By Paul Acquaro
According to the label Prom Night's web site, "hungry cowboy performs Jacob Wick's graphic compositions loosely based on the emotional landscape of Cormac McCarthy's Southwest novels."
I was introduced to author Cormac McCarthy in an undergrad American Literature class as the new - or most recent - Faulkner, or something like that. From the darkness of No Country for Old Men, to the post apocalyptic bleakness of The Road, to the flowing All The Pretty Horses, Brooklyn based 'hungry cowboy' has chosen a deep well to draw inspiration from, and they certainly seem up to the task. Comprised of Jacob Wick on trumpet, Briggan Krauss on saxophone, Jonathan Goldberger on guitar and Mike Pride on drums, the group creates it own images of dusty Western plains, dry cracked river beds, and menacing skies.

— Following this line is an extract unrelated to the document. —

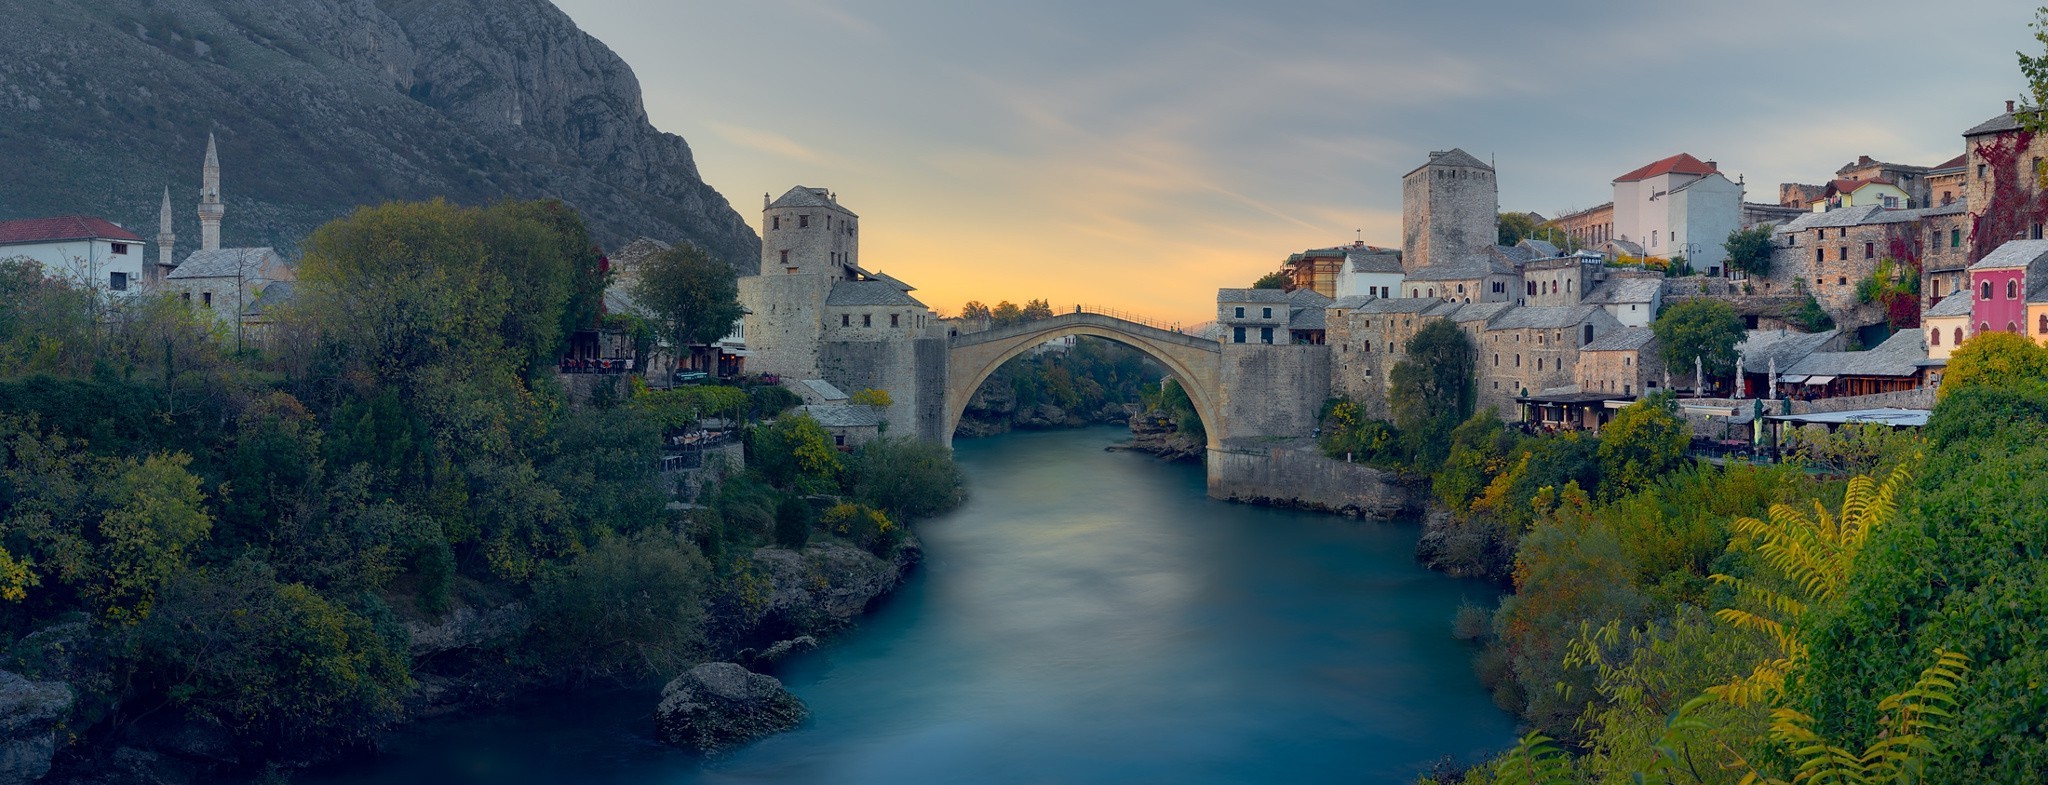 landscape, Nature, River, Old, Bridge, City, Mountain, Trees, Architecture, Bosnia, Mostar Wallpaper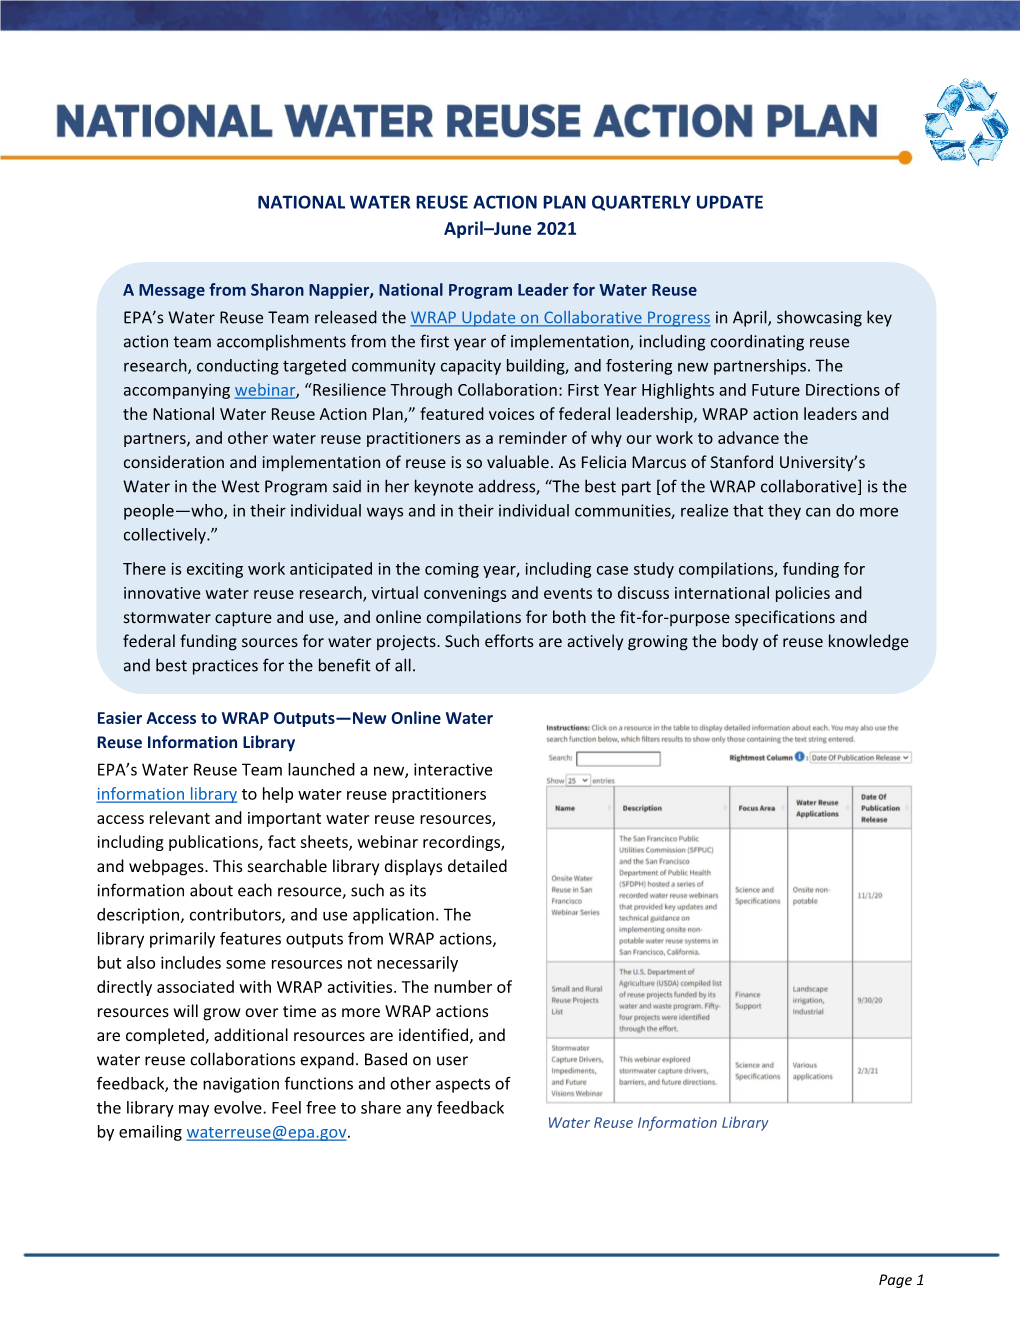 National Water Reuse Action Plan Quarterly Update (April-June 2021)

The opening track 'Gleam' begins with an abstract call and response between the quartet, but the sparse and spacious score begins to fill in with a hopeful tune, and ends with a foreshadowing of the gathering storm. It arrives in 'Dance,' a heavy guitar driven track that finds Goldberger and Pride locked into a deadly march across the parched landscape. The closing track, 'Clear', features the austere legato of the horns locked in repetition over clattering percussion. The guitar scratches and buzzes around with bad intent as the tension builds into a wrenching climax and unresolved, but again hopeful, ending.
I listened to Dance for a long time before I was aware of the McCarthy connection but find my imagination piqued by it. Regardless, this is a solid and inventive album that is a visually suggestive as it is musically compelling.